Leigh Academies Trust is a multi-academy trust, formed of 31 schools based in the Kent, Medway and South East London areas.  Its Head Office is on the same site as Strood Academy, housing its Executive Team and central teams including Finance, Estates, Marketing, HR, Engagement and IT.

The trust has a number of subsidiaries such as LAT Apprenticeships, which runs a number of apprenticeship schemes and LAT Enterprises which generates income which is fed back into the trust's academies.

History 
Leigh Academies Trust was formed in 2008, linking the Leigh Academy and Longfield Academy, under a single governing body with Frank Green CBE as Chief Executive.  In November 2013 Simon Beamish was appointed as Chief Executive, replacing Green who was appointed National Schools Commissioner by the Department for Education.

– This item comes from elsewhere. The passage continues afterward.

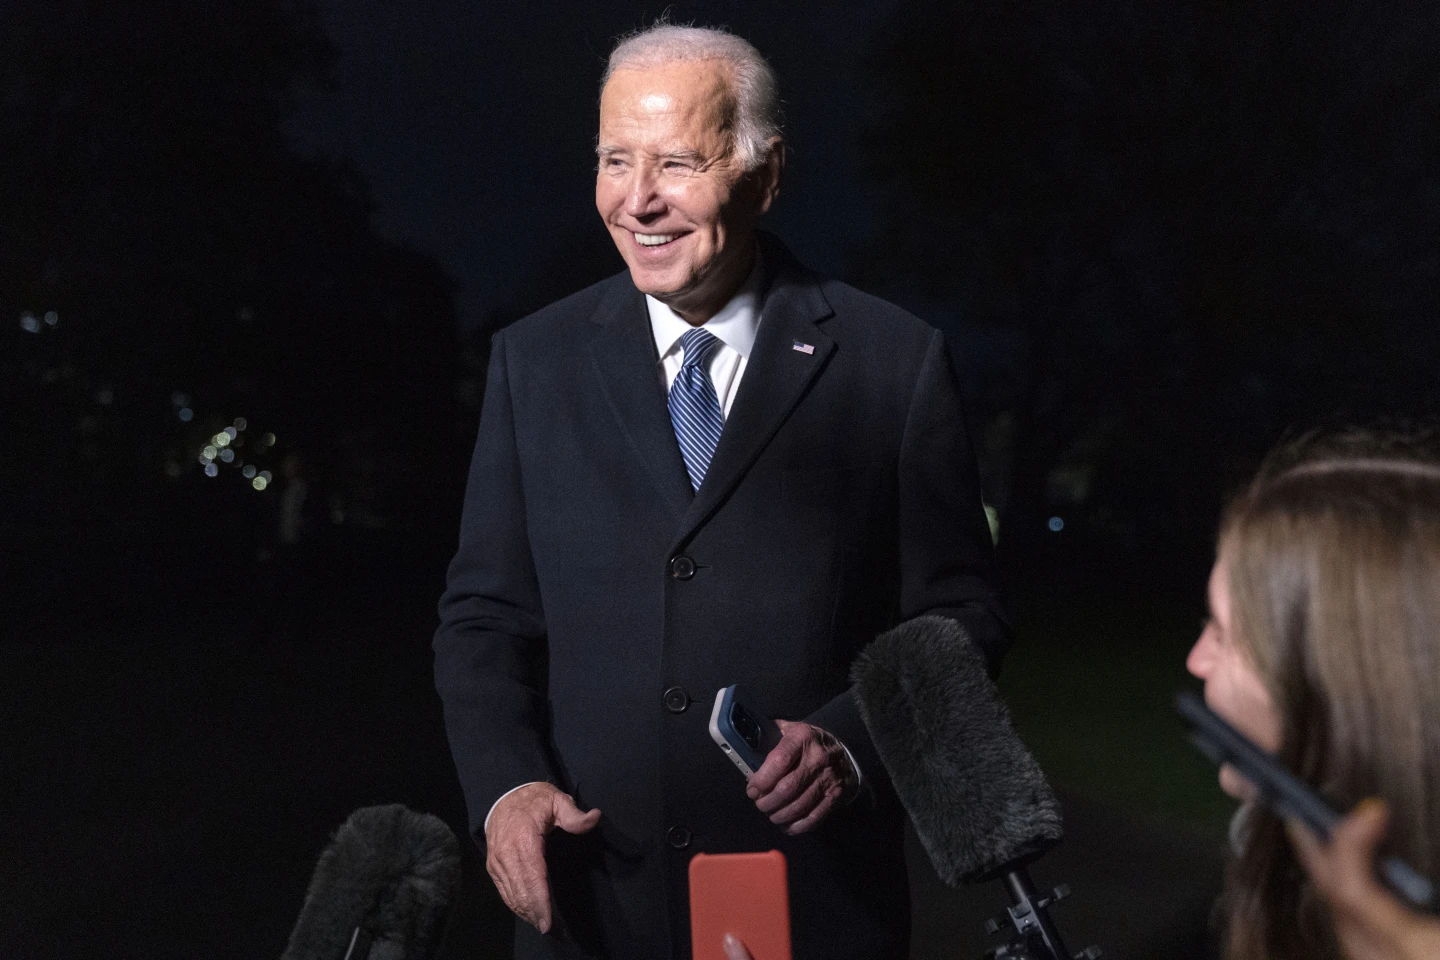 Biden tells donors: ‘If Trump wasn’t running I’m not sure I’d be running. We cannot let him win’

Over the next ten years the trust grew steadily and in January 2019 merged with The Williamson Trust, absorbing five additional schools.

Schools 
Leigh Academies Trust oversees:

North Kent Cluster 

 Cherry Orchard Primary Academy
 Dartford Primary Academy
Hartley Primary Academy
Leigh Academy
The Leigh UTC
Longfield Academy
 Milestone Academy
 Wilmington Academy

Medway Cluster 

 Ebbsfleet Academy
 High Halstow Primary Academy
The Hundred of Hoo Academy
Leigh Academy Rainham
 Peninsula East Primary Academy
Sir Joseph Williamson's Mathematical School
Strood Academy

Central Kent Cluster 

 Bearsted Primary Academy
 Hayesbrook Academy
 Horsmonden Primary Academy
 Langley Park Primary Academy
 Marden Primary Academy
 Mascalls Academy
 Molehill Primary Academy
 Oaks Primary Academy
 Paddock Wood Primary Academy
 Snowfields Academy
 Tree Tops Primary Academy

South East London Cluster 

 Eastcote Primary Academy
The Halley Academy
Leigh Academy Blackheath
Stationers' Crown Woods Academy

Future 
As of June 2022 there no announced plans to open new academies or take on existing schools, however there are plans to convert High Weald Academy to an extension of Snowfields Academy from September 2022.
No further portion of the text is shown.